GIVEN DATA Block Start

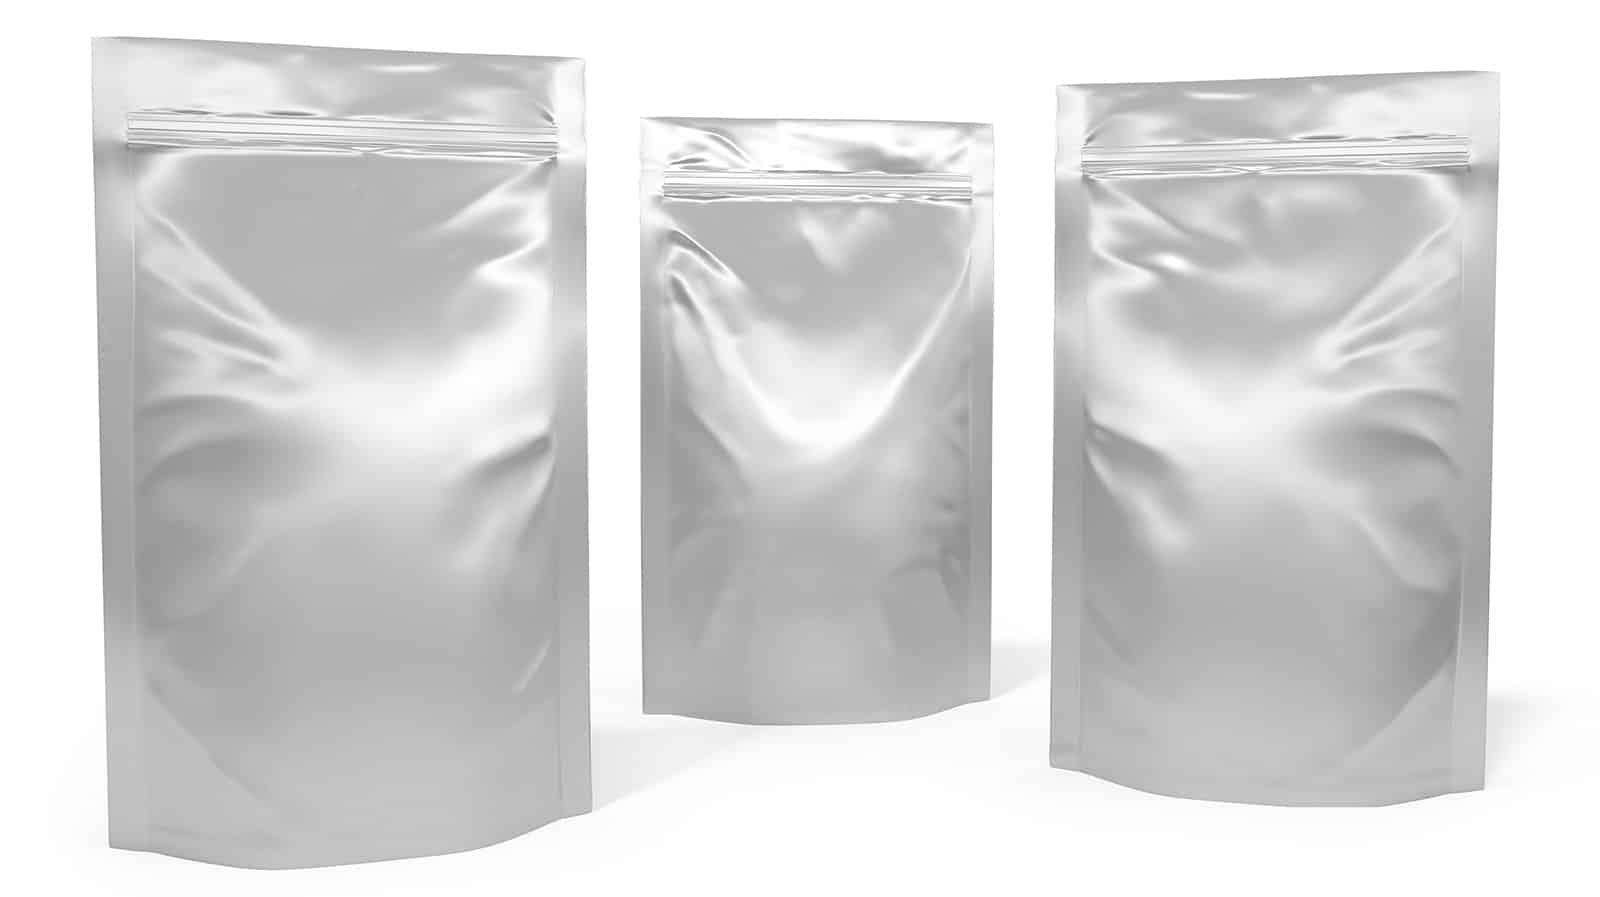 Multi Layered Plastic Packaging
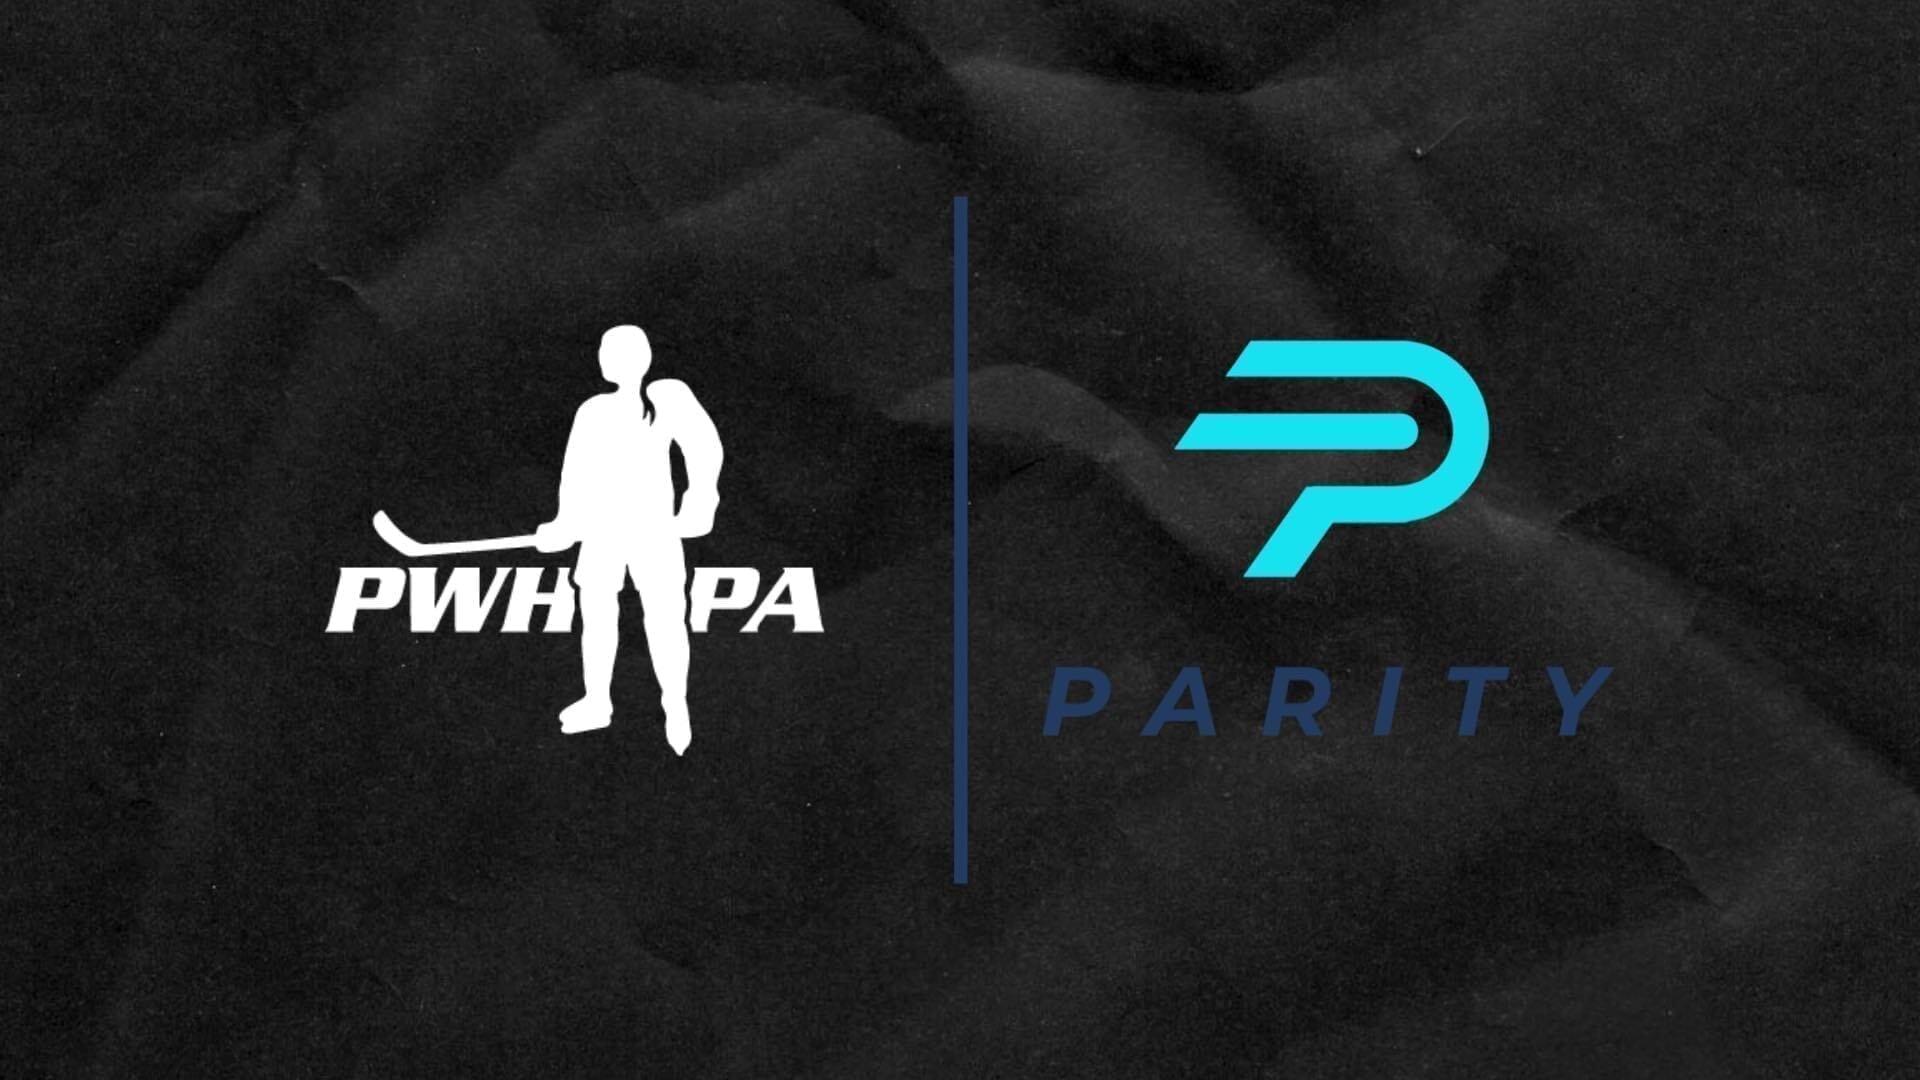 PWHPA Parity
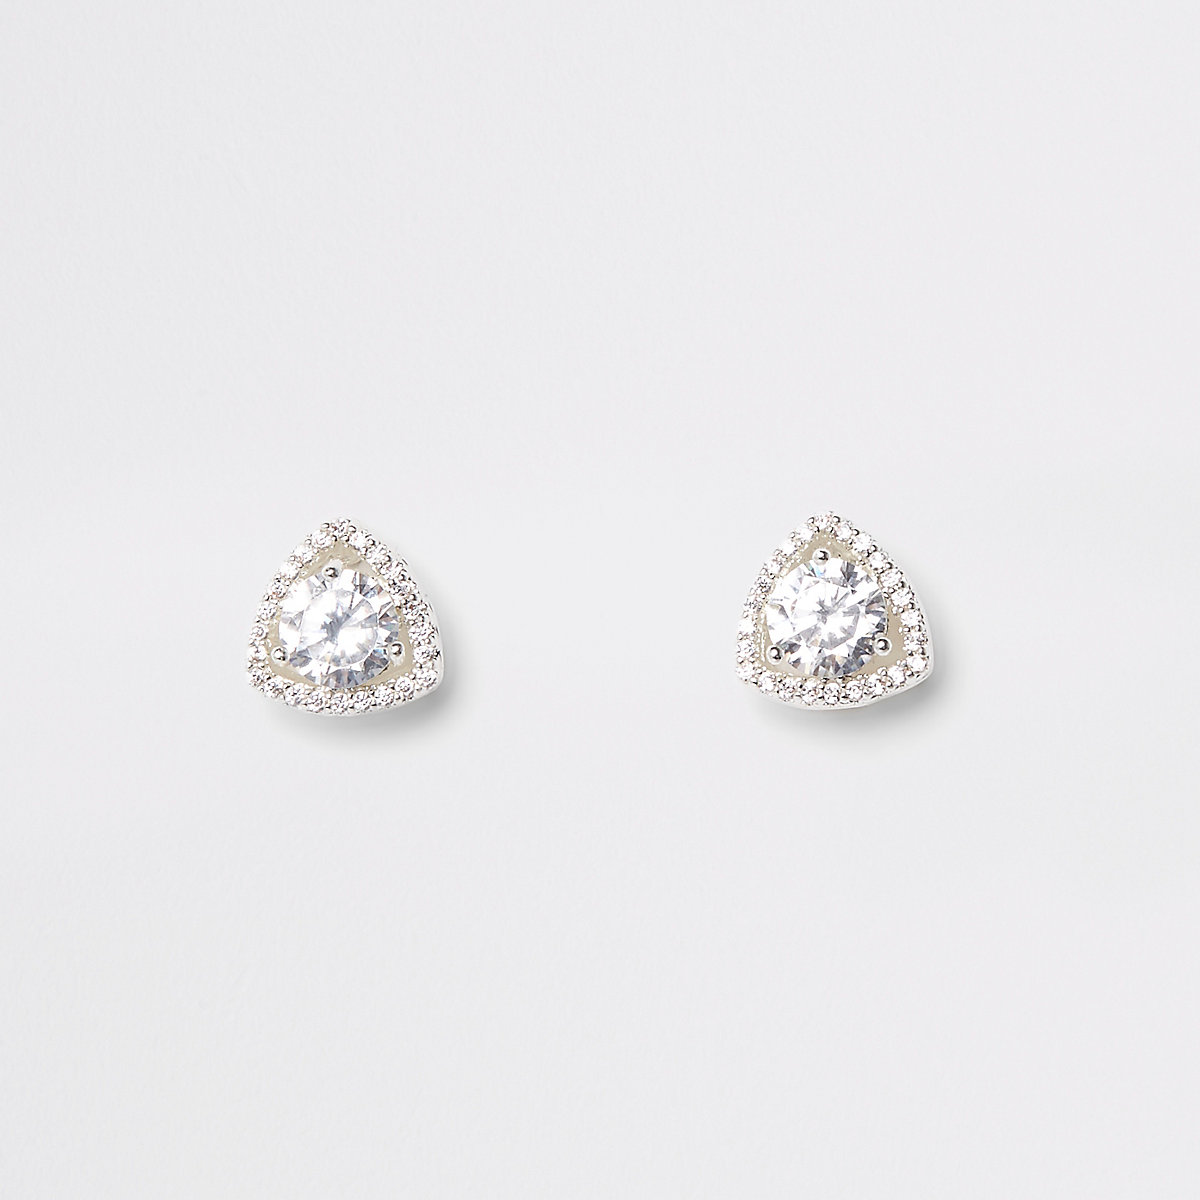 Silver plate cubic zirconia triangle earrings
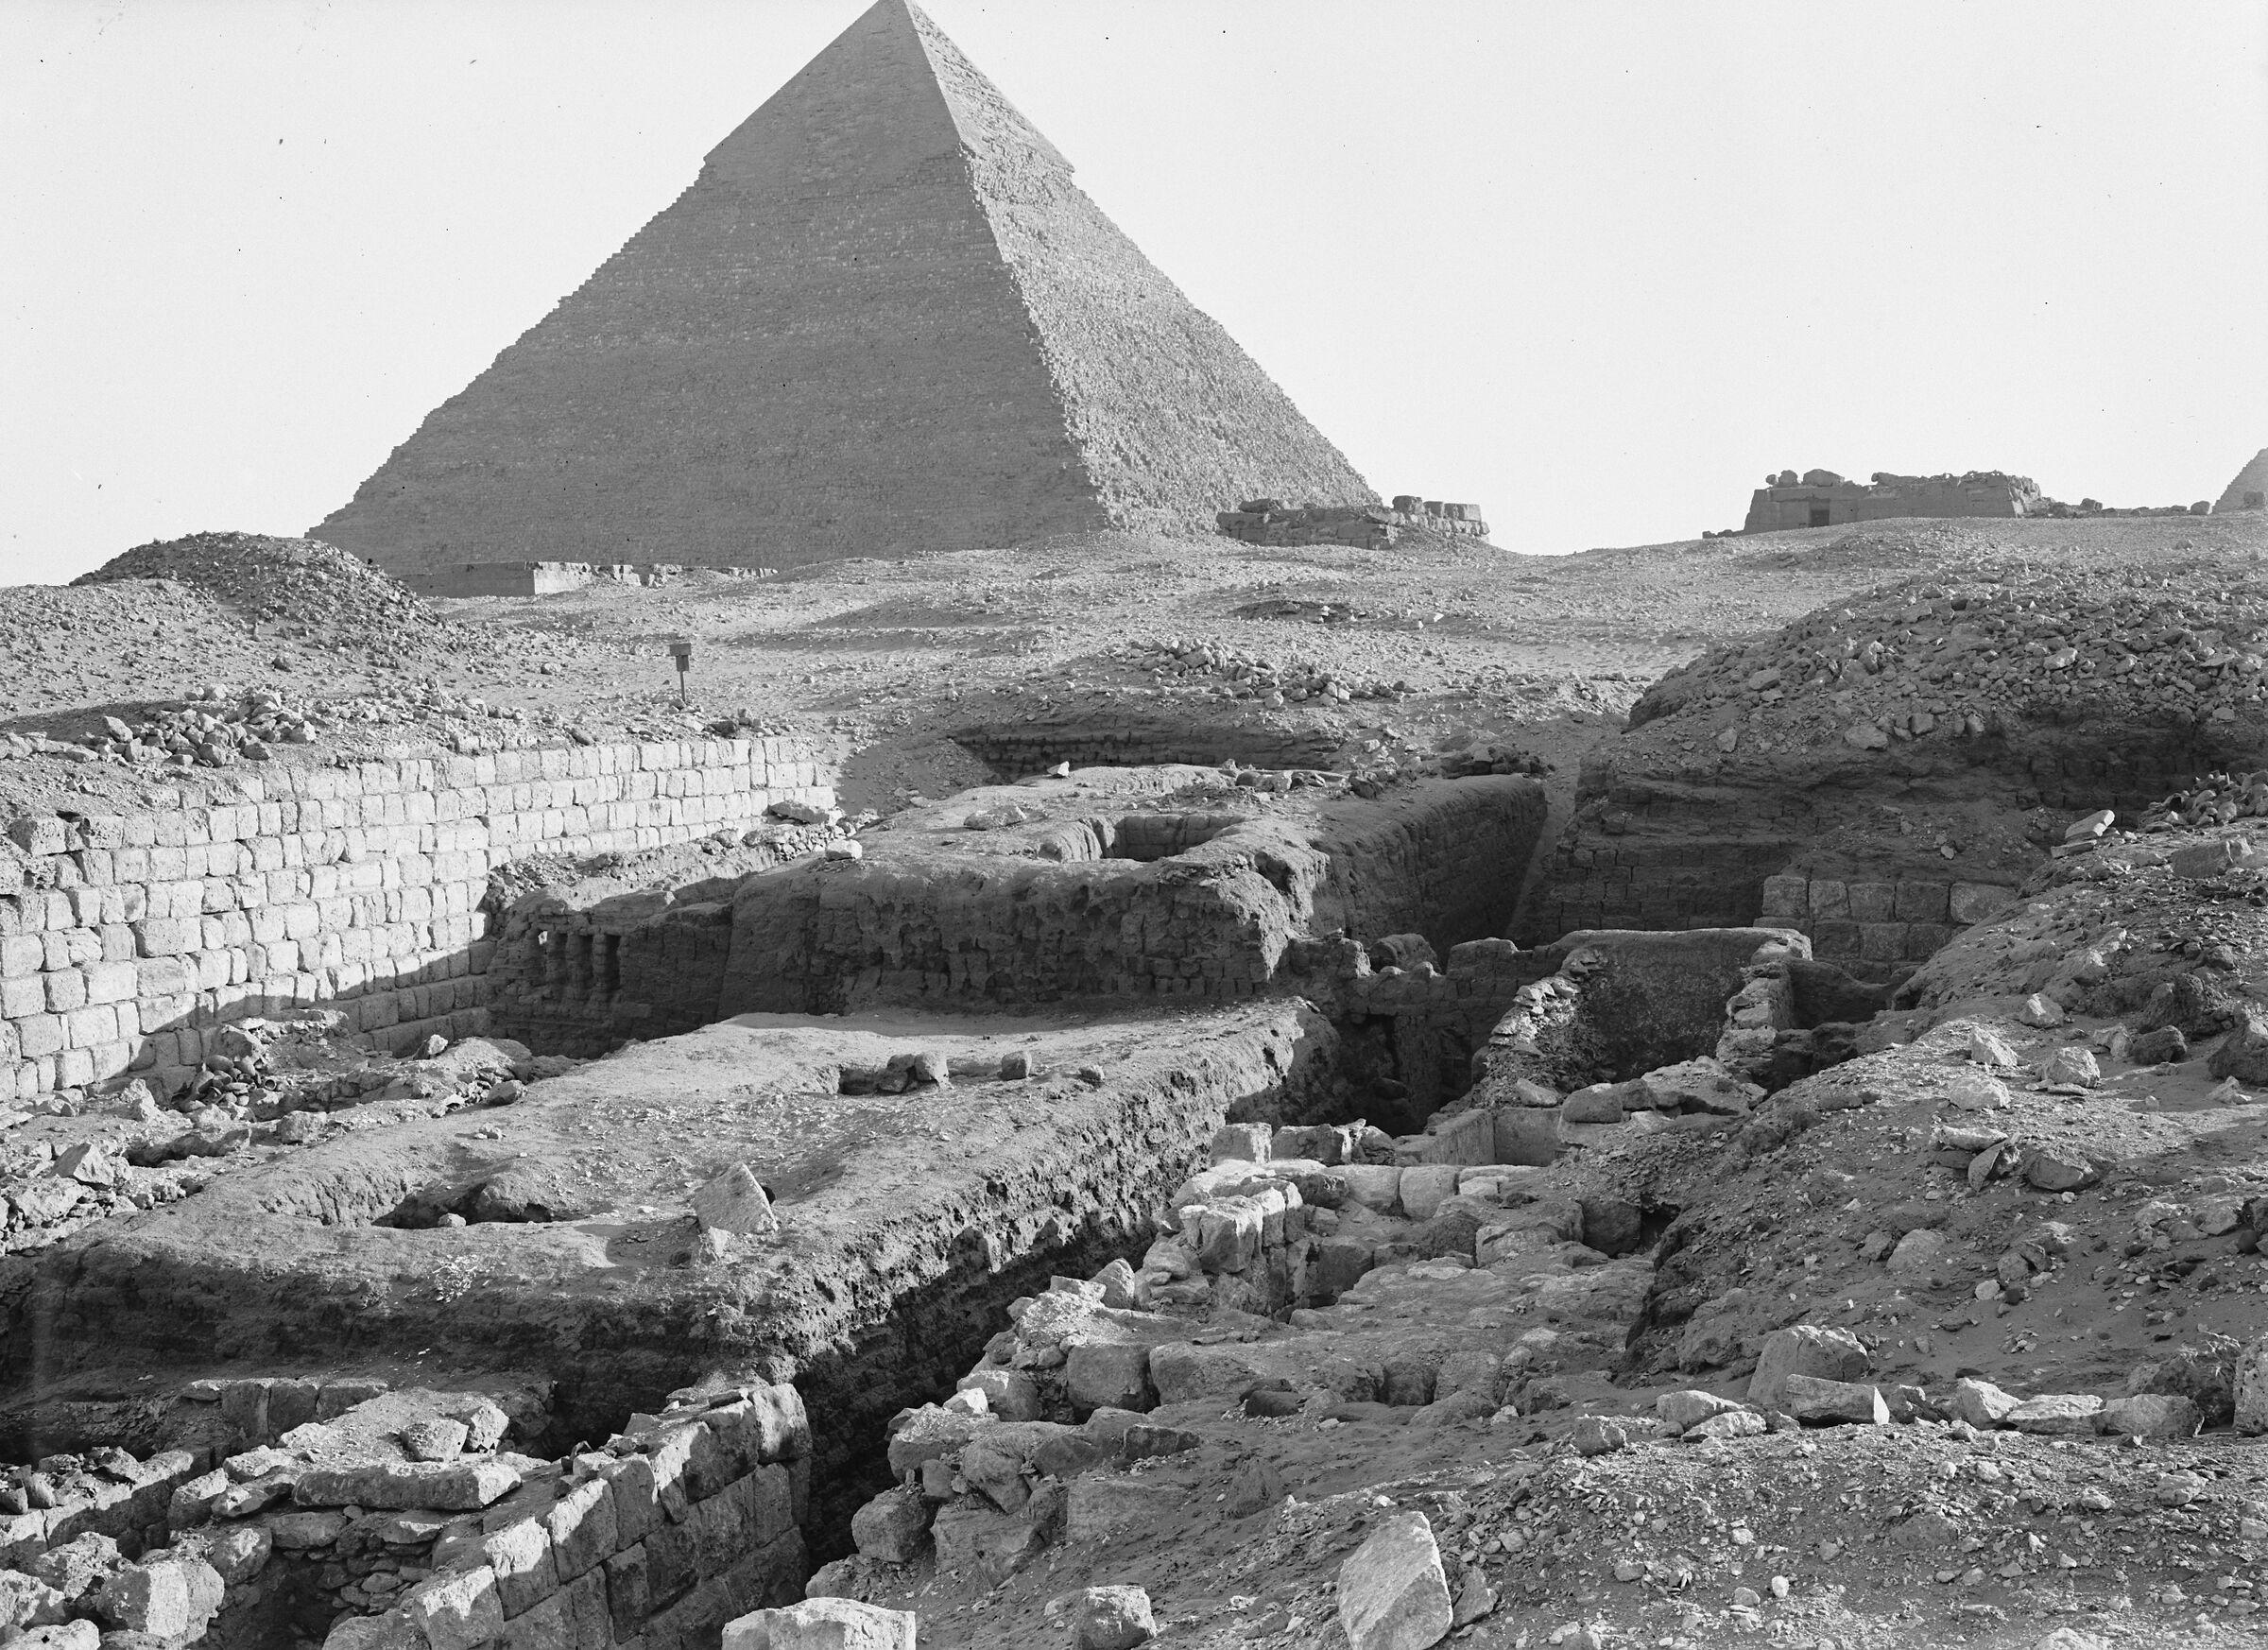 Western Cemetery: Site: Giza; View: G 1404, G 1406, G 1413, G 1411, G 1412, G 1403, G 1209

GIVEN DATA Block End

PROBLEM REQUIREMENTS -
No pictures should appear in the copy; write out exactly the lines from the one containing "Silver plate cubic" through the end of the material.

TASK OUTPUT -
 Silver plate cubic zirconia triangle earrings
 Western Cemetery: Site: Giza; View: G 1404, G 1406, G 1413, G 1411, G 1412, G 1403, G 1209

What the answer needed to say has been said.